Twenty-five percent of the basin’s natural gas wells are “cash-flow negative” at $2 per Mcf, according to New Mexico Oil and Gas Association spokesman Wally Drangmeister. Natural gas was selling on the commodities market for $1.85 per Mcf on March 16.

Drangmeister said an additional 12.5 percent of wells would qualify as “uneconomic” under proposed federal regulations that include the updated BLM venting and flaring rule. The BLM rule would require operators to retrofit their natural gas facilities with stronger pollution controls such as low-bleed pneumatic valve controls. He said it would cost, roughly, $5,000 per well to comply.

Drangmeister said the total — 37.5 percent of the wells in the basin — are at risk of being plugged or closed permanently by the double whammy of low natural gas prices and the impact of the pending BLM rule changes.

“Yes, this financial stress is severe. (Commodities prices alone) are making impacts on everyone who produces natural gas in the San Juan Basin,” Drangmeister said. “If you’re temporarily shutting wells in, it’s no small feat. You still have operating and maintenance costs with no revenue. (The cost of) these lower producing wells really add up.”

And as operators cut production, government loses tax revenue. In fiscal year 2014, San Juan County alone delivered $349 million to the state’s general fund. And, of that total, $45 million came from marginal wells, Drangmeister said.

Mullins said his company temporarily closed 15 percent of its production on March 1. Synergy is down to three employees. He laid off five workers over the last year, which allowed him to continue operating, he said.

And, Mullins said, the persistently low market prices for natural gas only makes the misery worse.

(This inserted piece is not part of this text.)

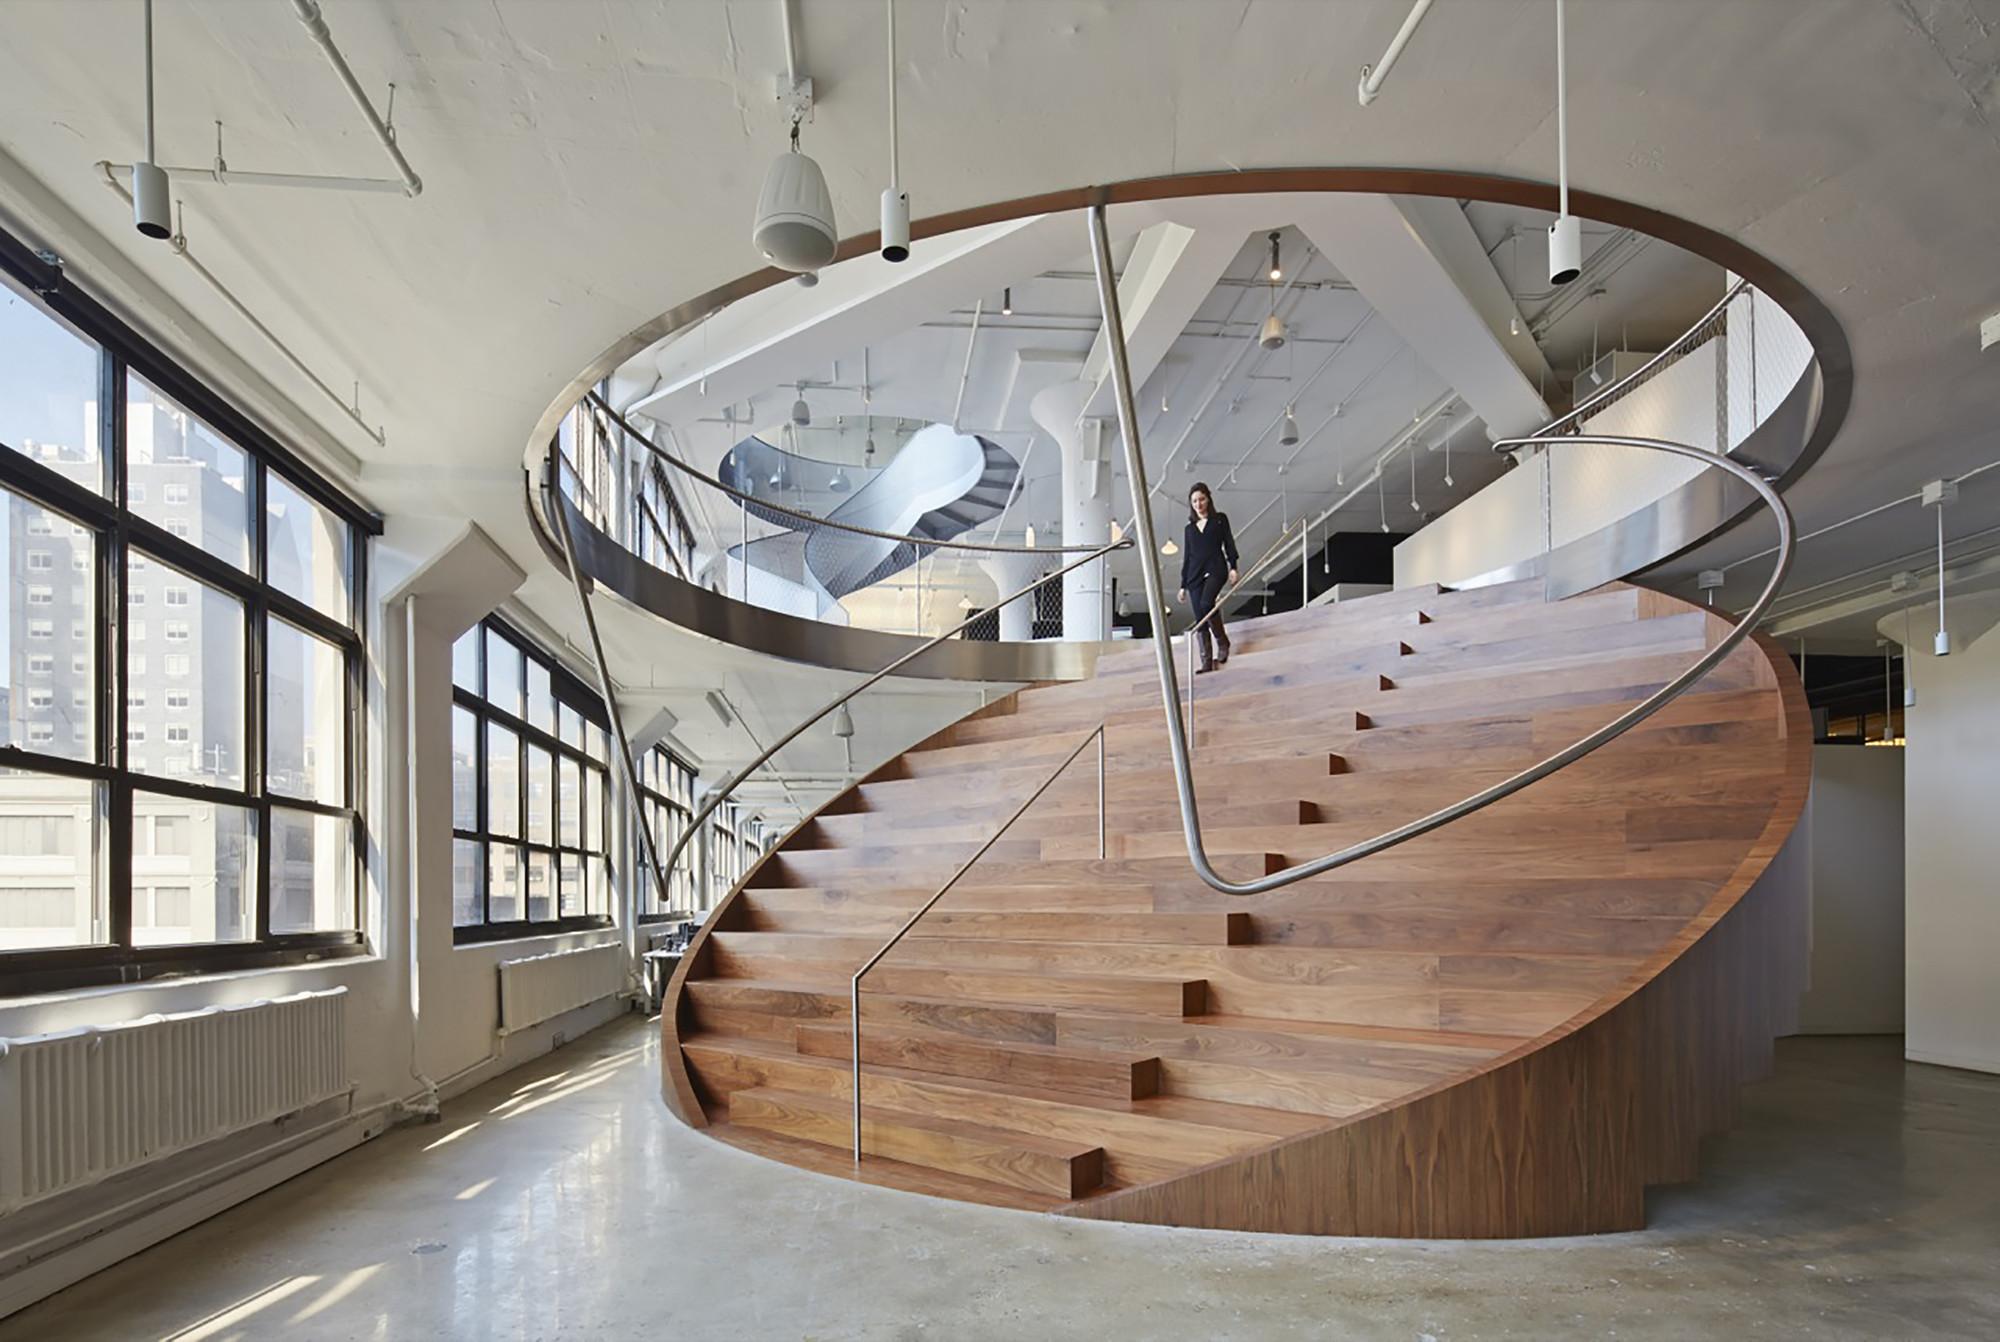 10 תכניות לעיצוב משרדים, החושבים מחדש על צורות עבודה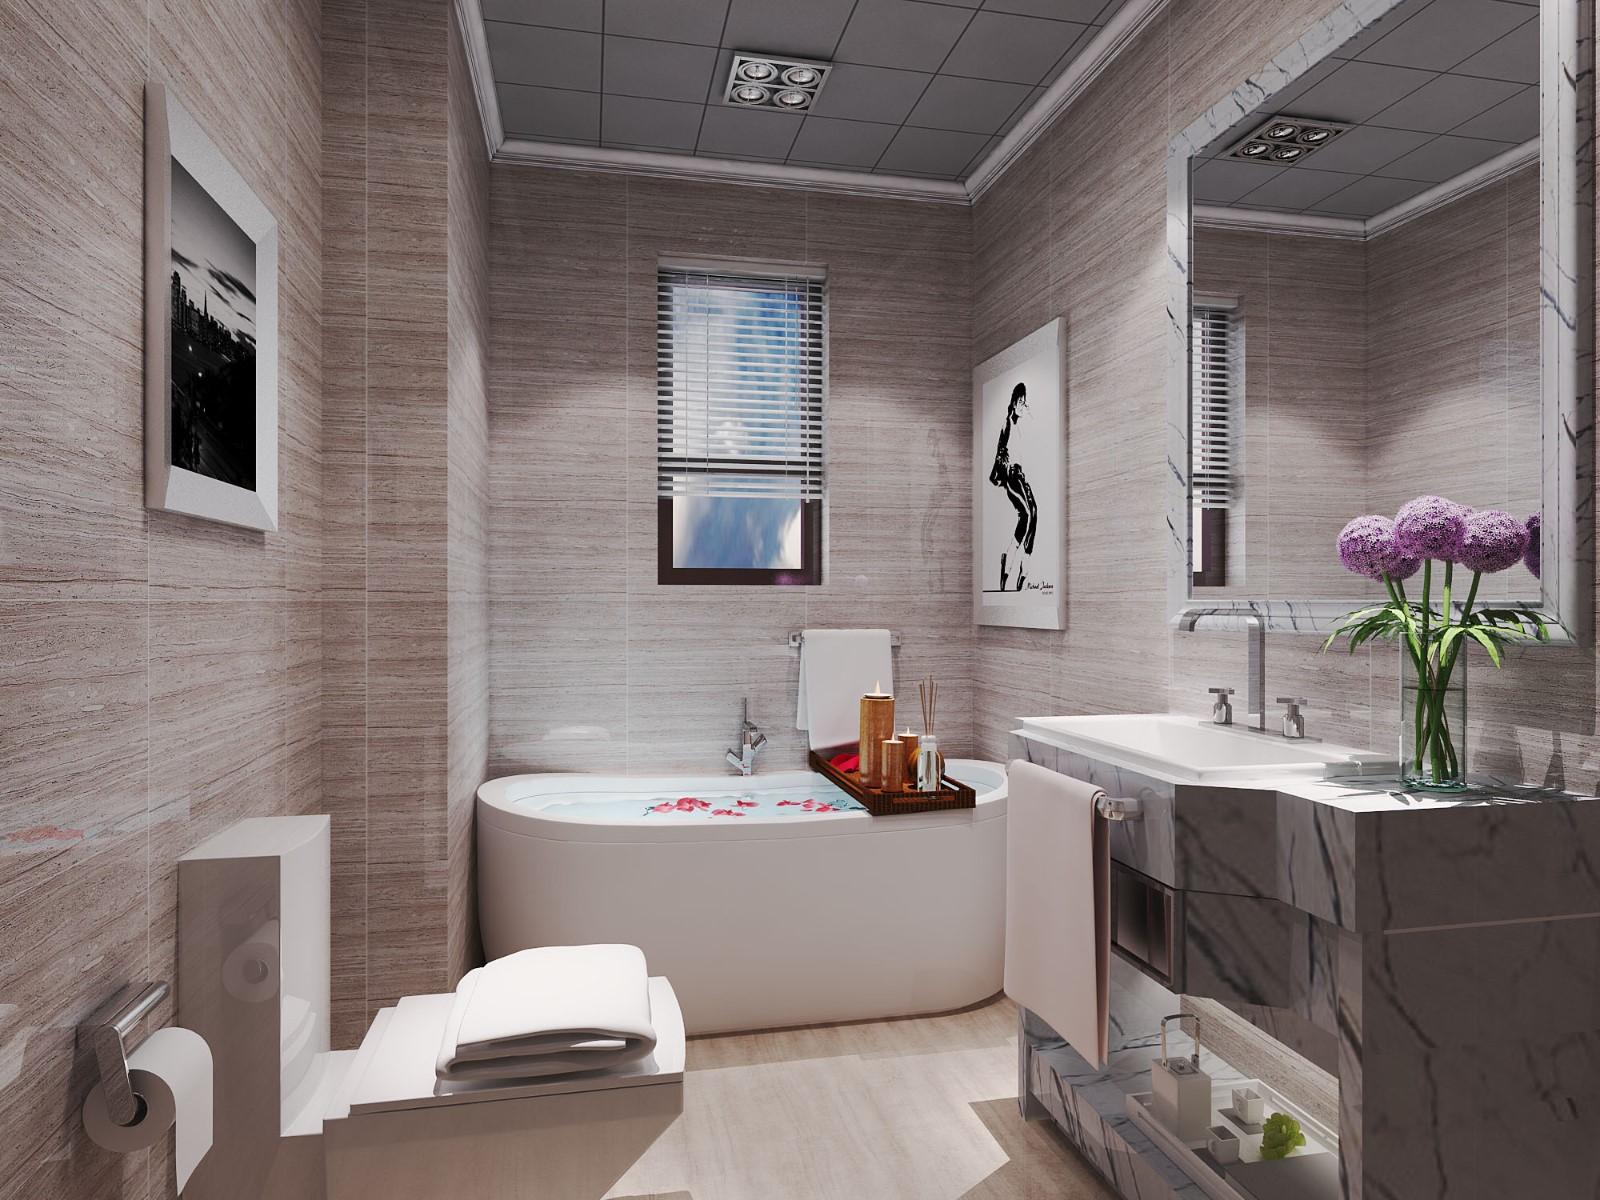 2021现代简约浴室设计图片 2021现代简约浴缸装修效果图大全

A price per Mcf is set monthly and daily on something called the “San Juan Basin Inside,” which is regulated by the  Federal Energy Regulatory Commission, and generally sets a lower price that market prices, Mullins said. The March 2016 monthly price for natural gas was $1.52 per Mcf. The last time prices were lower was in October 2001, Mullins said, when an Mcf sold for $1.37.

Mullins is also Independent Petroleum Association of New Mexico board vice president, representing the northern half of the state.

The Roswell-based organization, with a membership of about 300 independent oil and natural gas producers, promotes education about the industry — especially the industry taxes and fees that go to the state’s general fund — and promotes legislation that supports the oil and gas sector.

A recent bill sponsored by state Rep. James Strickler, R-Farmington, sought to offer oil and gas companies some relief, but it did not survive the 30-day session. Strickler’s bill was aimed at adjusting Severance Tax and Emergency School Tax rates for oil and gas wells that produce fewer than 10 barrels of oil or 60 Mcf of natural gas per day.

But Mullins said the ultimate misery is still to come. The boom in shale oil production has had an impact on the natural gas market.